Post author Christopher R. Hutson is Professor of Bible, Missions, and
Ministry at Abilene Christian University and serves on the Board of Equity
for Women in the Church.
Paul’s letter to Titus contains instructions on the proper behavior of elder men, elder women, younger women, younger men, and enslaved persons (Titus 2:1–10), followed by a Christological warrant framed as a manifestation of the “grace of God” (Titus 2:11-15). Many modern interpreters have understood this letter to be embracing Roman social values as normative for Christianity, but that common reading does not take sufficient account of the Christological orientation of the letter.
Below is an excerpt from Christopher R. Hutson, First and Second Timothy and Titus (Paideia Commentaries on the New Testament; Grand Rapids: Baker Academic, 2019), pp. 237–238. Used by permission. Baker Academic is a division of Baker Publishing Group, http://www.bakerpublishinggroup.com.
Ethics and Eschatology.
It is important to distinguish Pastoral Paul’s social agenda and his theological orientation, discerning which is the cart and which the horse. The social agenda laid out in 2:1-10 includes a well-ordered, patriarchal household with women, youths and enslaved in proper subordination to free, male householders. The purpose of maintaining this social structure is defensive, “so that the word of God might not be slandered” (2:5). The theological warrant is that “the saving grace of God was manifested to all people, educating us...” (2:11). The epiphany of God’s grace has universal implications (cf. 1 Tim 2:4-6). But it was not the purpose of that epiphany to educate all peoples that they should forever conform to Greco-Roman social expectations regarding an ideal household (see “The Subordination of Women” in the general introduction). The educational aim of God’s epiphany was “so that, renouncing impiety and worldly desires, we should live temperately and justly and piously in the present age” (2:12). Temperance, justice, and piety took specific forms in Greco-Roman culture, including assumptions about honor and shame, domestic hierarchies, and so forth. But we must not confuse the foundational doctrines with the precepts by which Pastoral Paul applied those doctrines in a particular cultural context (see “Doctrines and Precepts” in the general introduction).
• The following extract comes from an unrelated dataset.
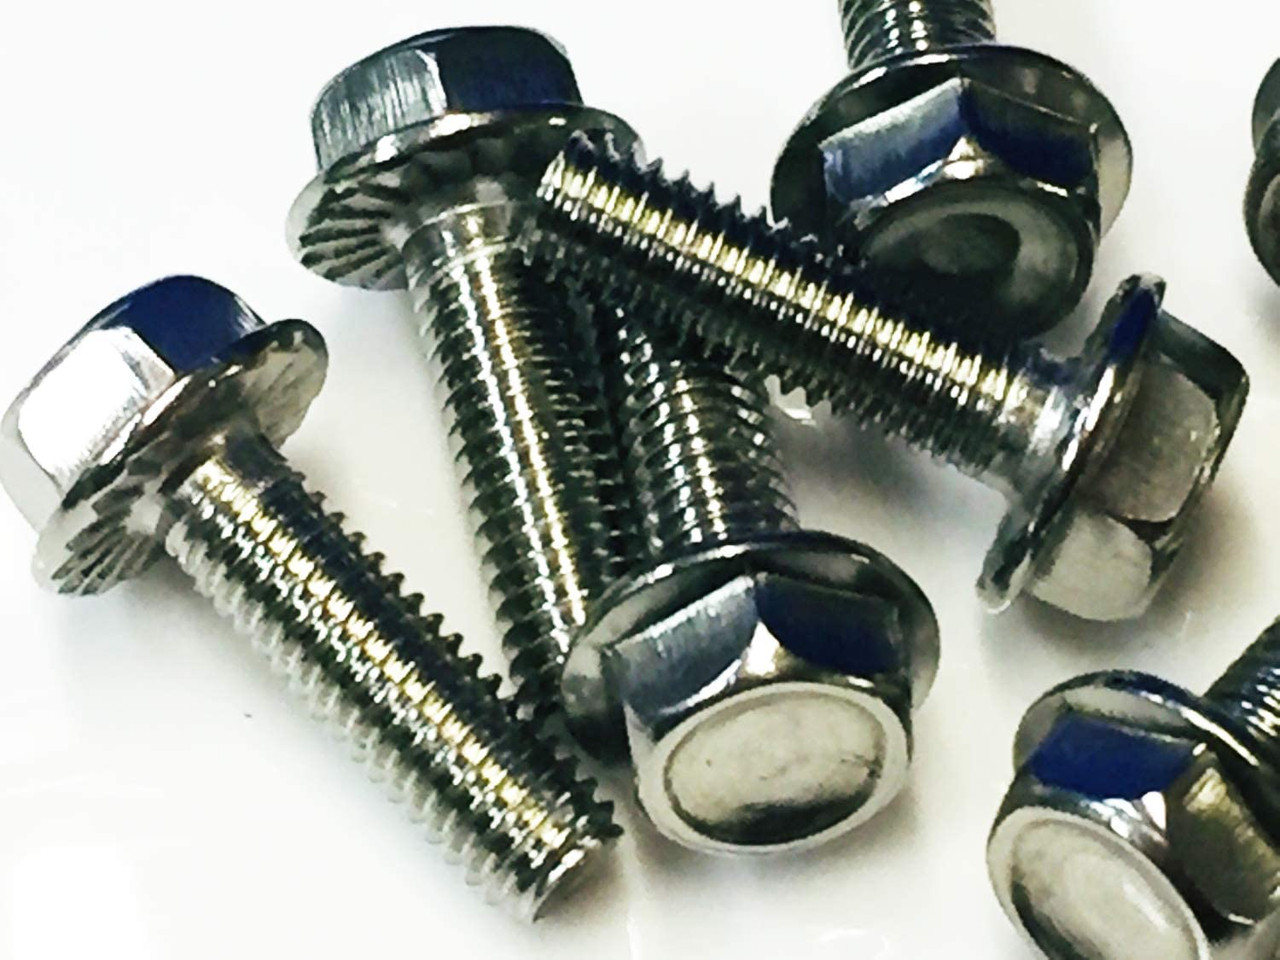 M6 x 20mm 6mm Flanged Hex Head Bolts Pack of 8 A2 Grade Stainless Steel Flange Hexagon Head Bolt Screw

Christology and apocalyptic eschatology, not Greco-Roman culture, are the theological drivers of Titus 2. We live in the “present age” (2:12), cognizant of an epiphany past (2:11), when the earthly Jesus “gave himself for us” (2:14). Jesus’ death had ethical implications, to “redeem us from all lawlessness and purify for himself a special people, zealous for good deeds” (2:14). And at the same time, we live, “expecting the blessed hope and glorious manifestation of the Great God and our Savior Jesus Christ” (2:13), an epiphany future, the coming (parousia) of Jesus. Christian ethics, regardless of cultural context, are defined by the manifestations of Jesus, past and future.
Those two epiphanies undermine the presumptions of patriarchal domination that were taken for granted in Greco-Roman society. What would it mean, for example, if a paterfamilias identified himself as a follower of Jesus, when the essential fact about Jesus is that “he gave himself for us”? What are the ethical implications for living in “the present age,” if Jesus died “to redeem us from all lawlessness”? Jesus’ resurrection liberates us from bondage to the tyranny of Sin and Death (Rom 5-7). Indeed, all forms of domination and coercion are instances of that larger problem of the tyranny of Sin. If the “lawlessness” from which Jesus redeems us includes sexual exploitation and domination (1 Tim 1:10), what are the implications for how an older man relates to women, younger men, and slaves? The eschatology of the PE is counter-cultural (Kidd 1990, 159-194; Witherington 2006, 146-151; “Theological Issues” at 1 Tim 2:8-3:1).